Copper futures on COMEX drop half a percent to extend the previous day’s pullback from fortnight top to $4.29. Further, prices of benchmark three-month contract of copper on the London Metal Exchange (LME) also dropped below $9,500 by nearly 1.0% at the latest. In doing so, the red metal takes clues from firmer USD and fears of global growth, as well as chatters surrounding more production, heading into Wednesday’s European session.
Covid-led lockdowns in the world’s biggest copper consumer China join fears of economic hardships due to the skyrocketing inflation and the Russia-Ukraine offers a first-hand attack on the commodity prices.
Adding to the price-negative catalysts were the latest headlines suggesting a solution to protests at Peru’s Las Bambas copper mine. “The leader of a Peruvian indigenous community, whose protest led MMG's Las Bambas copper mine to suspend operations over a month ago, said on Tuesday that "progress" has been made toward a solution to the crisis,” said Reuters.
Elsewhere, the US Dollar Index (DXY) rises 0.27% intraday while bouncing off a four-week low to regain the 102.00 threshold. The DXY rebound tracks the US 10-year Treasury yields, bouncing off the monthly low while rising 0.8 basis points (bps) to 2.767%. Underlying the rebound in the yields could be the risk-negative headlines from China and North Korea, as well as the market’s preparations for the US Durable Goods Orders for April, expected 0.6% versus 1.1% prior, as well as the Federal Open Market Committee (FOMC) Minutes.
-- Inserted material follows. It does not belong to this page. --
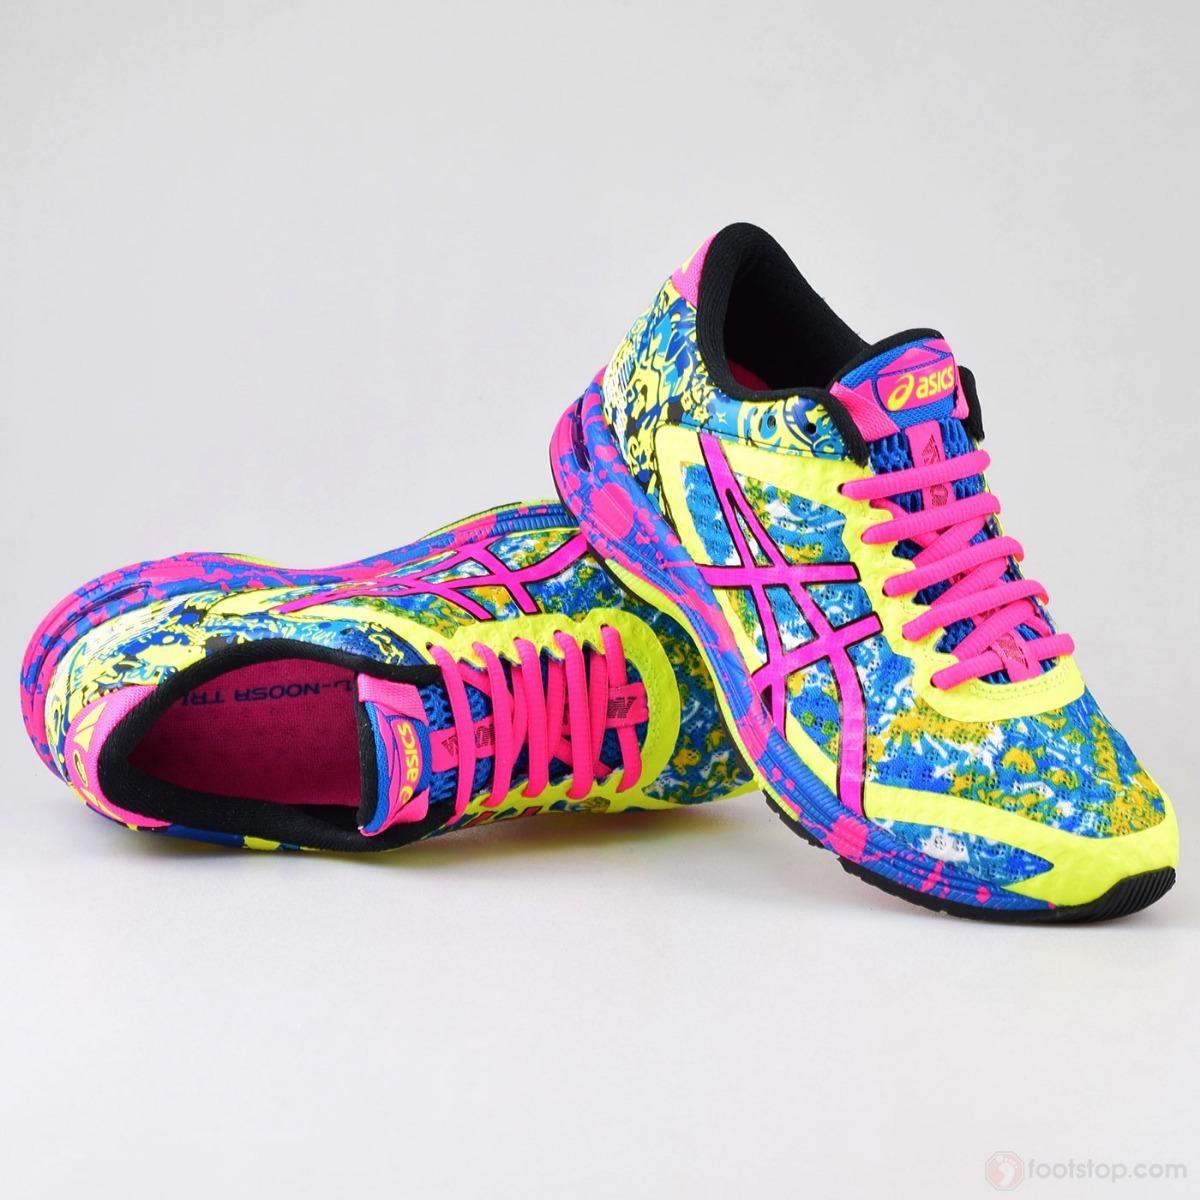 Tenis Mujer Asics Gel Noosa Tri 11 T676n 0720 Running Correr

Alternatively, geopolitical fears concerning North Korea and Taiwan seem to defend the buyers but have failed so far.
Analysts at Citibank sound too bearish on copper as they said, "Recent consumption run rates imply copper and aluminum shifted into surplus globally in April." The analysts also mentioned, "It will likely take some time for the balances to tighten ... we are most bearish on nickel, then copper, and least bearish on aluminum and zinc," per Reuters.